In the meantime, these proposals should be prompting buyers, sellers and operating companies to understand the viability and permissible scope of noncompetes and adapt their practices. Whether this results in sellers being subject to a progressively limited scope and duration of restrictions on competition, or whether buyers will attempt to bulk up other restrictive covenants that protect against raiding a target company’s employee and customer base, businesses should not expect to simply rely on historical practices.
FTC’s Proposed Rule
On January 5, the FTC published its proposed rule to ban nearly all noncompetes. The proposed rule was promulgated in response to President Biden’s July 9, 2021, executive order to promote competition. Three critical things the proposed rule would prevent employers from doing include:
1. Entering into or attempting to enter into new noncompete clauses;
2. Maintaining preexisting noncompete clauses; and
3. Representing to workers, under certain circumstances, that the worker is subject to a noncompete.
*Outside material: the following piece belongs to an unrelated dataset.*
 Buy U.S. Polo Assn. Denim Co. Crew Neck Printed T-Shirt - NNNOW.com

One of the only carve-outs is for the use of noncompetes entered into by a person who is selling a business entity (or their ownership interest in the entity), or selling all or substantially all of an entity’s operating assets. But this exception only applies if the seller holds at least a 25% ownership interest in the business. That is an extremely narrow exception and would, in many instances, exclude almost all principals of a business. It’s even more restrictive than the law in California, a state that’s no friend to noncompetes but which broadly permits noncompetes in connection with the sale of a business.
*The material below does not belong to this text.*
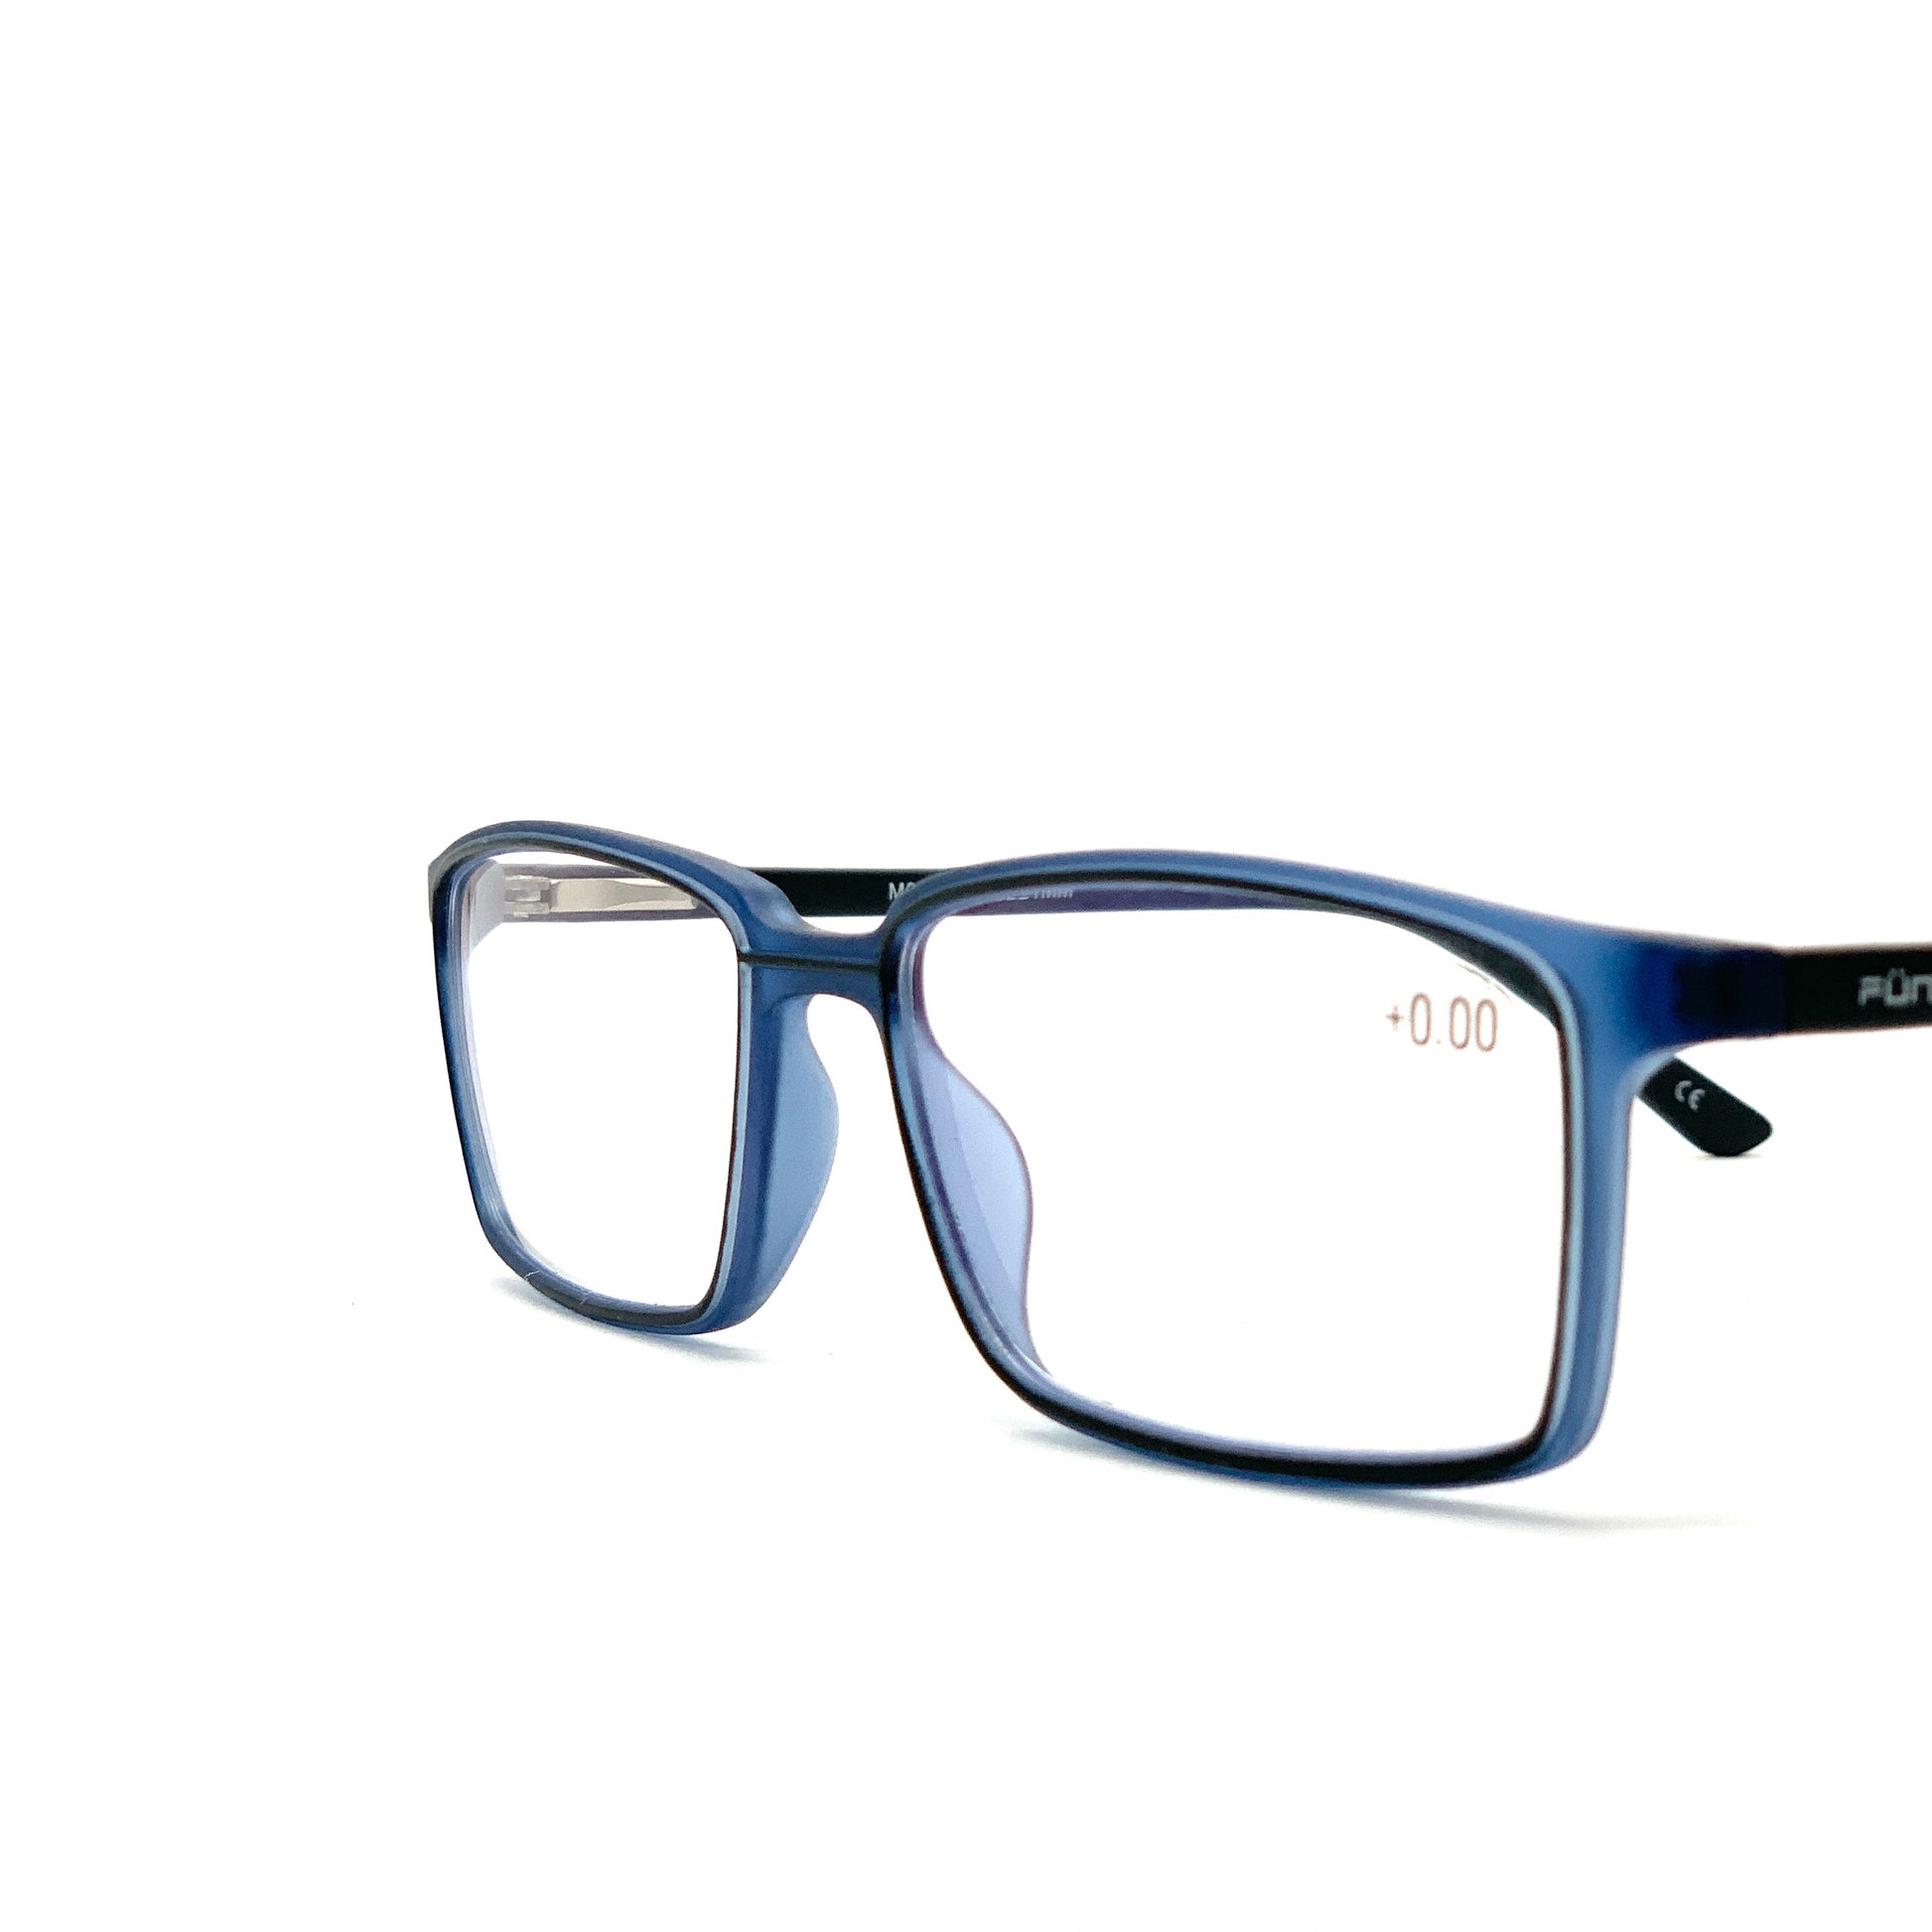 Gafas estenopeicas para ejercicios oculares trainer - Tienda Fisaude

Employers are rightly concerned: The comment period for the proposed rule generated over 26,000 comments.
New York’s Legislation
Legislation introduced in New York would severely limit the use of noncompetes within the state. The bill passed both state houses, which means it just needs to be signed by Governor Hochul to become law. The bill has not been sent to the governor yet, and whether she actually signs it, and in what form, is the subject of debate and speculation.
In its current form, the bill includes a total ban on the use of noncompetes. It lacks exceptions for highly compensated employees or even for individuals who sell their business. These are fairly standard exceptions in other states (e.g., California) that impose some degree of restriction on the use of noncompetes.
If the bill is enacted, perhaps the only saving grace for New York employers and buyers may be that it is prospective, meaning it would only apply to “contracts entered into or modified on or after” the effective date.
Key Considerations for Employers and M&A Professionals
It is still unknown whether or when the FTC or New York will adopt their proposed noncompete restrictions. However, even without adoption, we are already beginning to see their impact manifest in employment negotiations and M&A transactions.
For traditional employment-related noncompetes, employers are increasingly seeking our counsel to draft bespoke restrictive covenants tailored to nuances of their business. Employers are also looking for other retention mechanisms, such as stay bonuses or forfeiture-for-competition provisions, to mitigate against the possibility that noncompetes will be unenforceable. Similarly, we see more key executives pushing back against post-termination noncompete restrictions in employment and partnership agreements, with many citing the proposed FTC rule as justification for rejecting historical market practices.
In the M&A context, a number of recent deals, particularly those with broad employee equity ownership, have seen sellers becoming emboldened to push back against long-lasting and broad noncompete obligations, often citing the proposed rules as part of the justification.
For example, in one recent sale transaction, the buyer proposed applying a five-year noncompete to all equity holders, including some who owned less than 1% of the business. Representing the seller, we successfully negotiated for: (1) a complete exception for the sponsor equity holders (as is market standard); and (2) a tiered non-compete for the employee equity holders, whereby sellers receiving less than $X were not subject to any noncompete; sellers receiving equal to or greater than $X and less than $Y were subject to a one-year noncompete; and only sellers receiving at least $Z were subject to a longer noncompete.
Even as we await new rules and legislation, employers and parties to M&A transactions must be mindful of the changing landscape, react to changing demands from sellers and employees, and anticipate how market expectations may evolve.